Figure 7.1. Schematic representation of the sample collection and a brief summary of the sequencing
results.
2.2 Blood sample separation
Whole blood (2-5ml) samples were collected in EDTA tubes and processed within 2 hours. After
centrifugation at 900×g for 10 minutes, whole blood samples were separated into plasma and
WBC fraction. Aliquots of plasma were subjected to two subsequent centrifugation steps at
16,000×g for 10 minutes at 4°C to remove residual WBCs. Red blood cells in the WBC fraction
were lysed using standard procedures. WBCs were collected by centrifugation at 600×g for 10
minutes and washed with PBS. All samples were stored at -80°C.

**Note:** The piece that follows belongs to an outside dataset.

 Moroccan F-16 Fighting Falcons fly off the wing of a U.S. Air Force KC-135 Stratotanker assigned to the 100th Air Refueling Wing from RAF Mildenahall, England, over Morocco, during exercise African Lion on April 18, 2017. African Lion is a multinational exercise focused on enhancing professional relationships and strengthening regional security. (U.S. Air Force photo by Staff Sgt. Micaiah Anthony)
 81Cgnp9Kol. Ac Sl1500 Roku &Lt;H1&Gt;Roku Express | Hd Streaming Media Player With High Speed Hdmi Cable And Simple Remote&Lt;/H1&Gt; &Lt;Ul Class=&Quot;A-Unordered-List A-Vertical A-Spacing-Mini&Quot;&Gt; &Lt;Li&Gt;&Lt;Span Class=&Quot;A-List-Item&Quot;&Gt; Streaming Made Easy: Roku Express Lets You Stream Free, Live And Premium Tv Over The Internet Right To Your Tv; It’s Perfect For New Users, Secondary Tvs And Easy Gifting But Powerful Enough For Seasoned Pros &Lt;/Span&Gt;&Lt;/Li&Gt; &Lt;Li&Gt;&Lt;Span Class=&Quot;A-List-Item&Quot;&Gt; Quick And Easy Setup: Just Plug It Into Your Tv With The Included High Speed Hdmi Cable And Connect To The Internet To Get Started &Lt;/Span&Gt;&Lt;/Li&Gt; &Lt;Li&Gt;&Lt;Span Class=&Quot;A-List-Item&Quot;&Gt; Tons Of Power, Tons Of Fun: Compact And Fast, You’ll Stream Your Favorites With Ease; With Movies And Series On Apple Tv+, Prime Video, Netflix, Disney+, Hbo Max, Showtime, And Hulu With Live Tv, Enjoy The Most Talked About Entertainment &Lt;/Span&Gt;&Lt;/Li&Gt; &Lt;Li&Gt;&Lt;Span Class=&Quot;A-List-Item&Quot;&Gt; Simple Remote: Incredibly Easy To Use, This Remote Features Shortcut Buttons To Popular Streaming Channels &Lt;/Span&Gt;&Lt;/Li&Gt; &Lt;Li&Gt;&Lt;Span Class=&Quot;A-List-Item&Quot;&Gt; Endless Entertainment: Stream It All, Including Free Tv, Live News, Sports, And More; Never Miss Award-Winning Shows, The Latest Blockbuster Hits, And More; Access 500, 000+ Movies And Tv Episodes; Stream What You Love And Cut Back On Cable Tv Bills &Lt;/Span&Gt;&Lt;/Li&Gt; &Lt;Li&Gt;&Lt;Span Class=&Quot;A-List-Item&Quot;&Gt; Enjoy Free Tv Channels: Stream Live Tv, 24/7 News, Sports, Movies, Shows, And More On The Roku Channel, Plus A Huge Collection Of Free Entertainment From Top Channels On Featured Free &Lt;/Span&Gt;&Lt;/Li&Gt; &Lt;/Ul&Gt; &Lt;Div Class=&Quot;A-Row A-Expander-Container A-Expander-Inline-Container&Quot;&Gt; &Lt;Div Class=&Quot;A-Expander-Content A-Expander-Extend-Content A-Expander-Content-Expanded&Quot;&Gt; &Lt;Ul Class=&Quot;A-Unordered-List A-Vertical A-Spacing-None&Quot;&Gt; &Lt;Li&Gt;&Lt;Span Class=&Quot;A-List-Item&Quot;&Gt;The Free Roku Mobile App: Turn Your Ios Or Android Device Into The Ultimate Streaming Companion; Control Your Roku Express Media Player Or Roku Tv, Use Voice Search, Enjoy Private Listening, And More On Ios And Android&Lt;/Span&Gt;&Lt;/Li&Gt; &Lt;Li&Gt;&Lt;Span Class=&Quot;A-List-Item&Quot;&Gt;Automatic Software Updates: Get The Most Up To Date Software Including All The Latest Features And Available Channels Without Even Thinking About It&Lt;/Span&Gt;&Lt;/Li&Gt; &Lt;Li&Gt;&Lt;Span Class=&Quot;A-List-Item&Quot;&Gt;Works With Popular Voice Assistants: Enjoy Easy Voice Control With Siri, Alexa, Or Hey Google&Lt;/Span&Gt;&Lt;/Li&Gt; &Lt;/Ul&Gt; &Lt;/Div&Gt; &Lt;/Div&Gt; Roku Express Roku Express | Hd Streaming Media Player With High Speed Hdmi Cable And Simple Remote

2.3 DNA extraction, library preparation and sequencing
DNA isolations, library preparations and NGS of fresh frozen tumor tissues, WBCs and plasma
samples were performed by Novogene (Beijing, China). In brief, the QIAamp DNA Mini Kit
(Qiagen, Hilden, Germany) was used to extract DNA from fresh frozen tumor tissues. The
QIAamp circulating nucleic acid kit (Qiagen) was used to isolate cfDNA from 1 to 3 ml of plasma.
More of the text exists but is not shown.